EXERCISE MATERIALS START

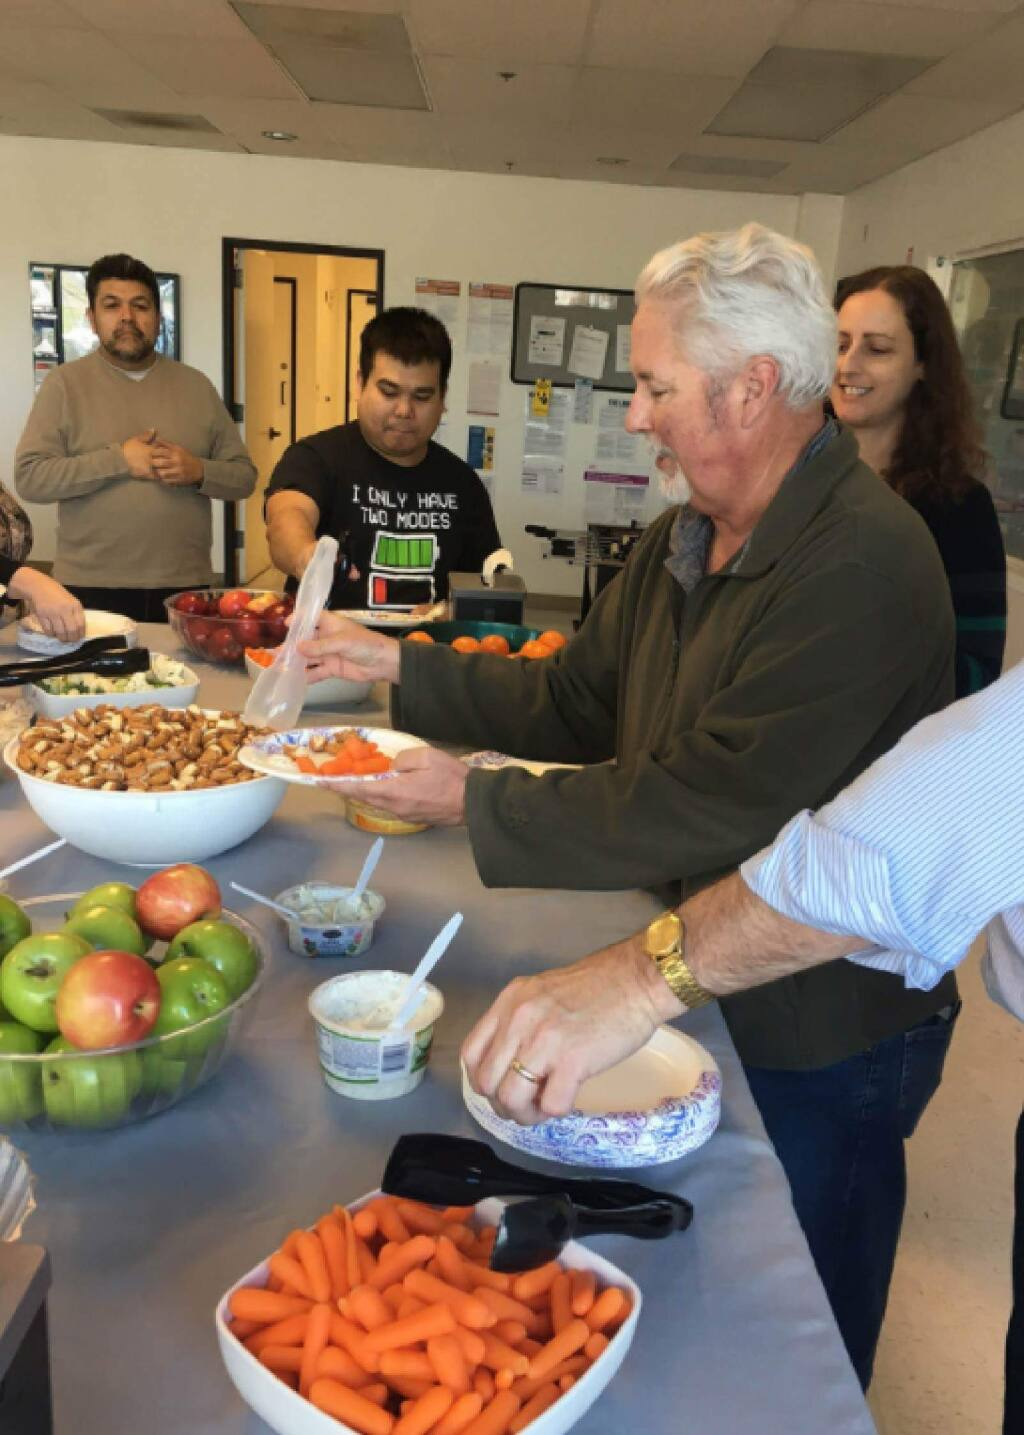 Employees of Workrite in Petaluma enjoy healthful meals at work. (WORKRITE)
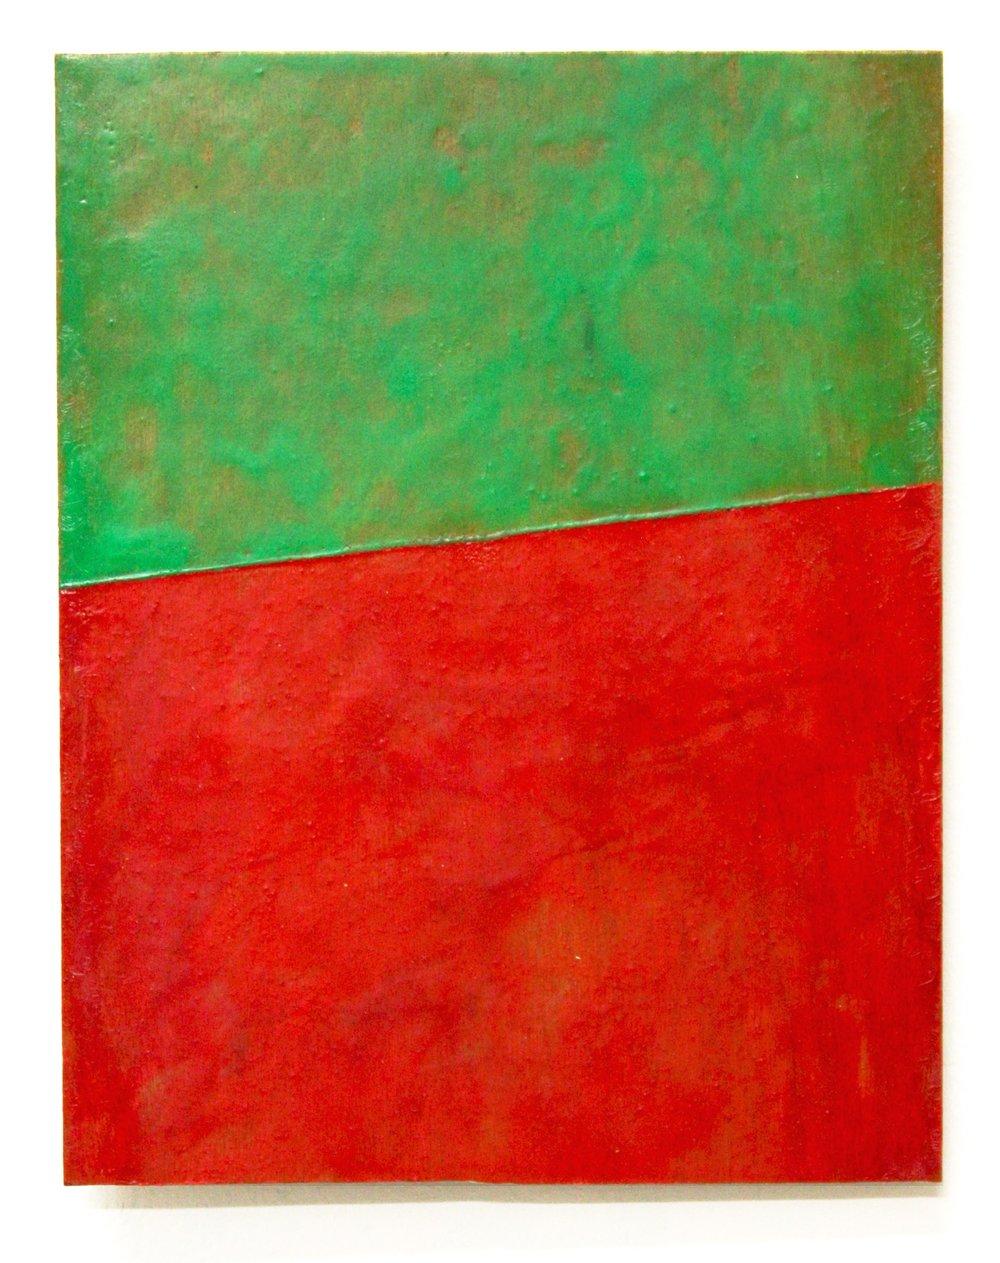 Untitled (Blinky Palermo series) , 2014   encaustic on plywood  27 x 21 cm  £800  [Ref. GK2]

EXERCISE MATERIALS END
EXERCISE MATERIALS START

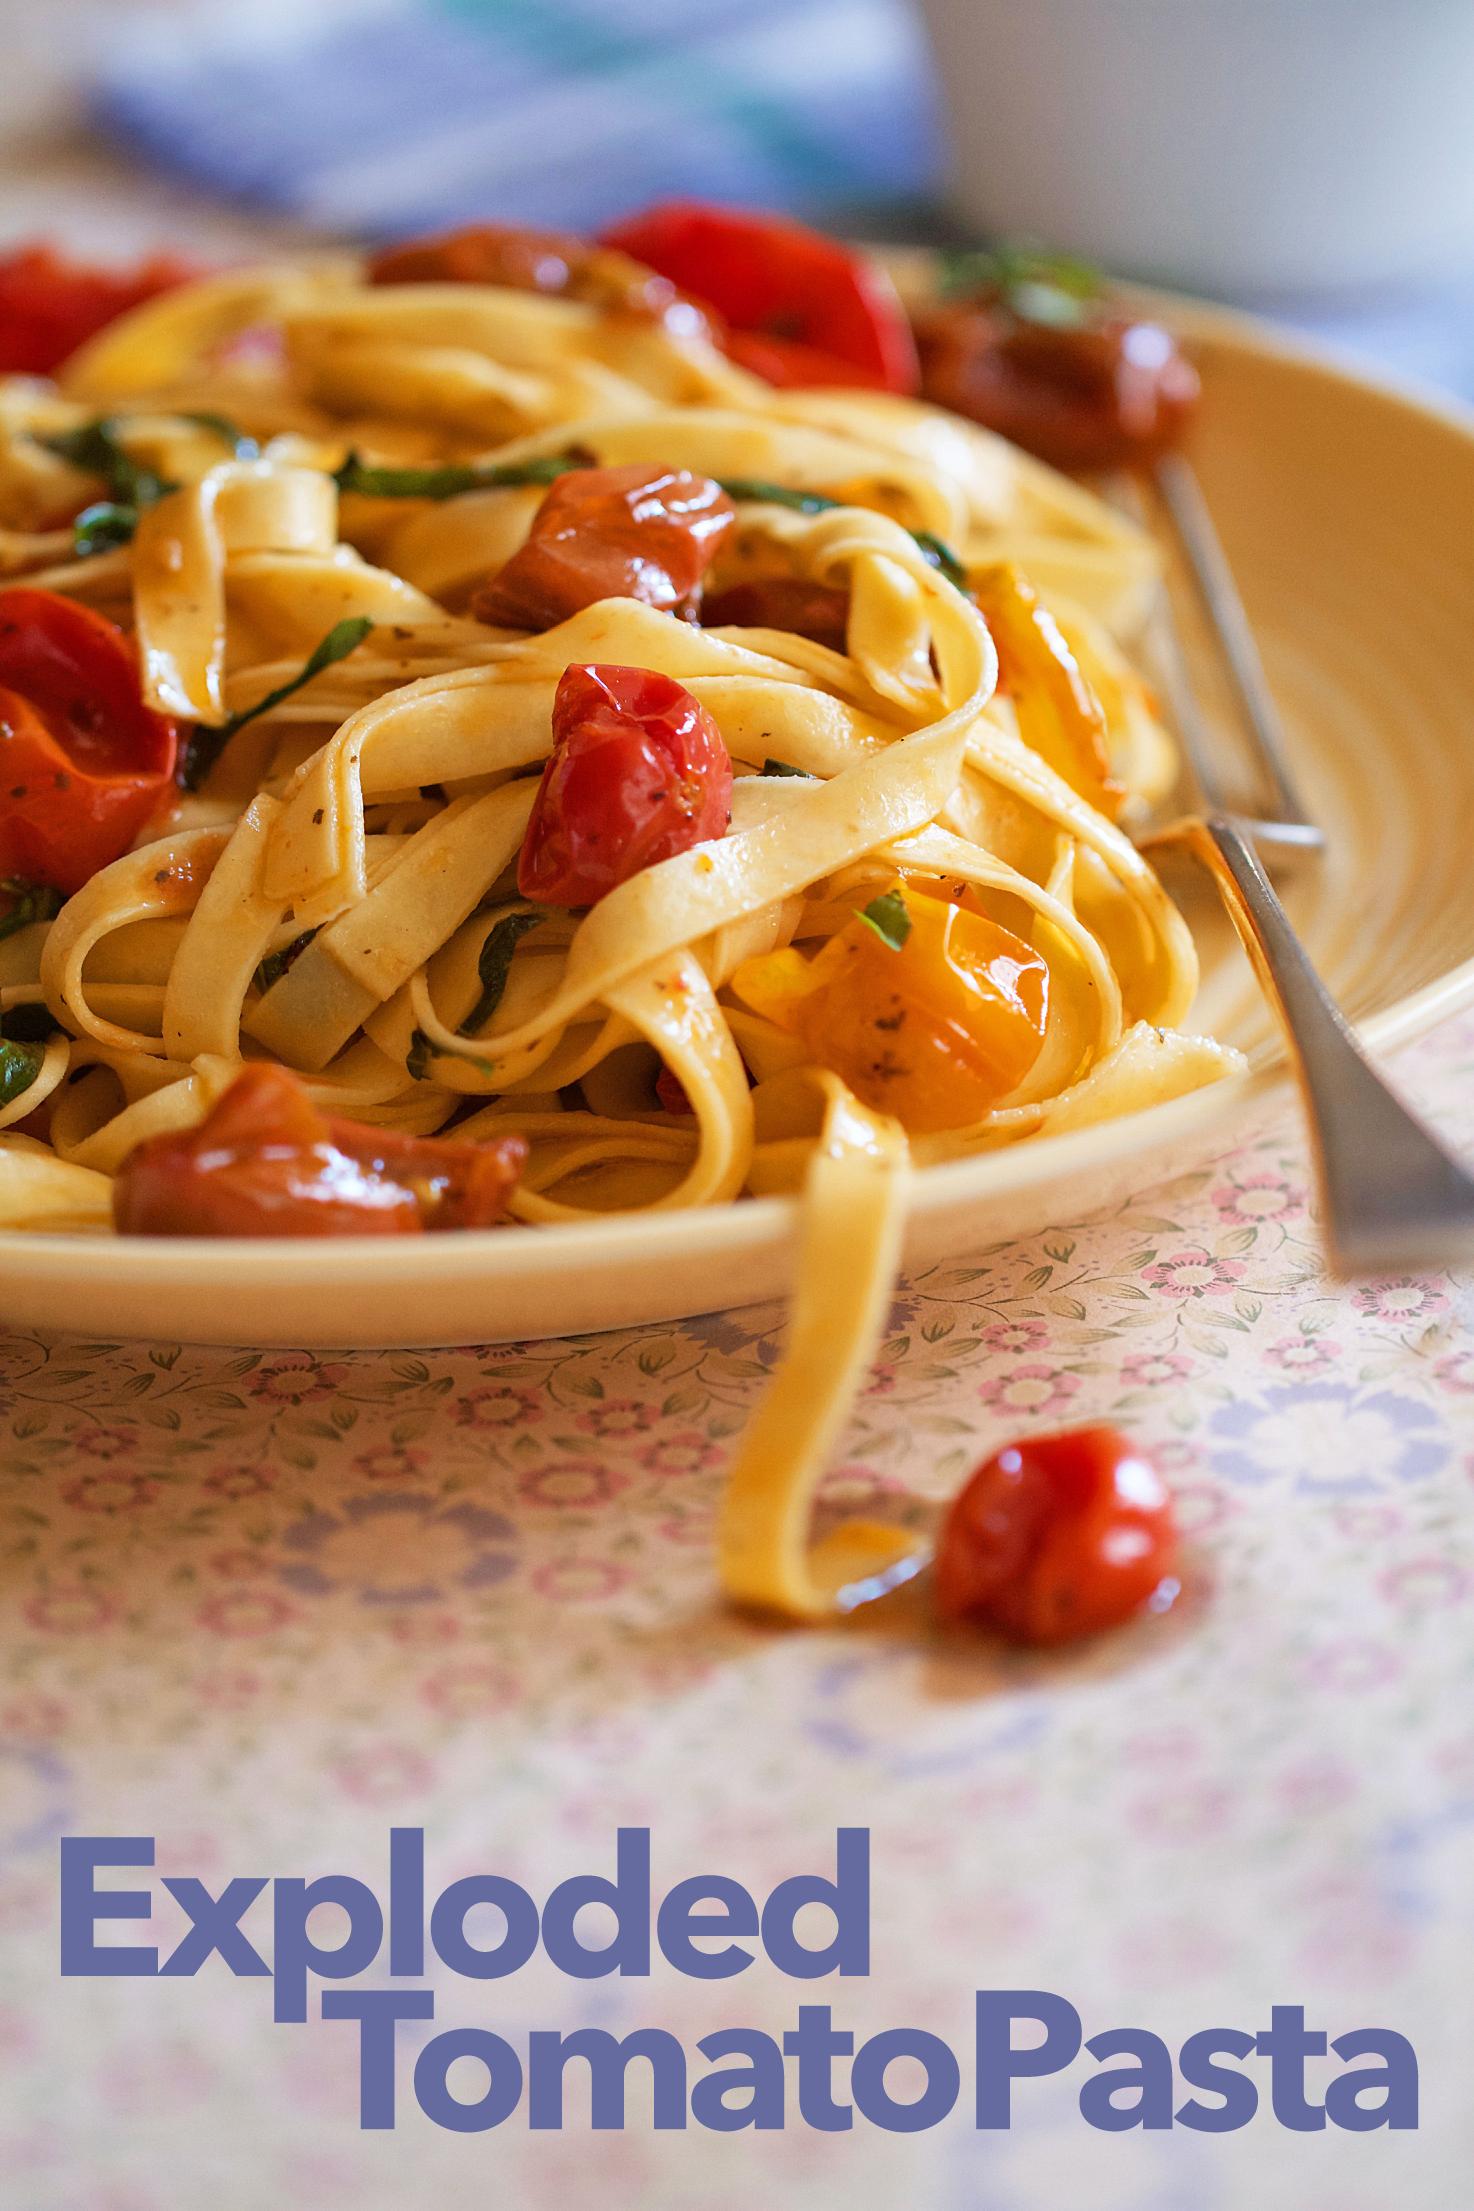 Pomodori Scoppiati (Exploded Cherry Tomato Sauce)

EXERCISE MATERIALS END

**REQUIREMENT**
Copy only this from above: the line containing "Employees of Workrite", the line containing "Untitled (Blinky Palermo", and all lines between, printed exactly. Leave out the pictures.

**RESULT OF THIS TASK**
 Employees of Workrite in Petaluma enjoy healthful meals at work. (WORKRITE)
 Untitled (Blinky Palermo series) , 2014   encaustic on plywood  27 x 21 cm  £800  [Ref. GK2]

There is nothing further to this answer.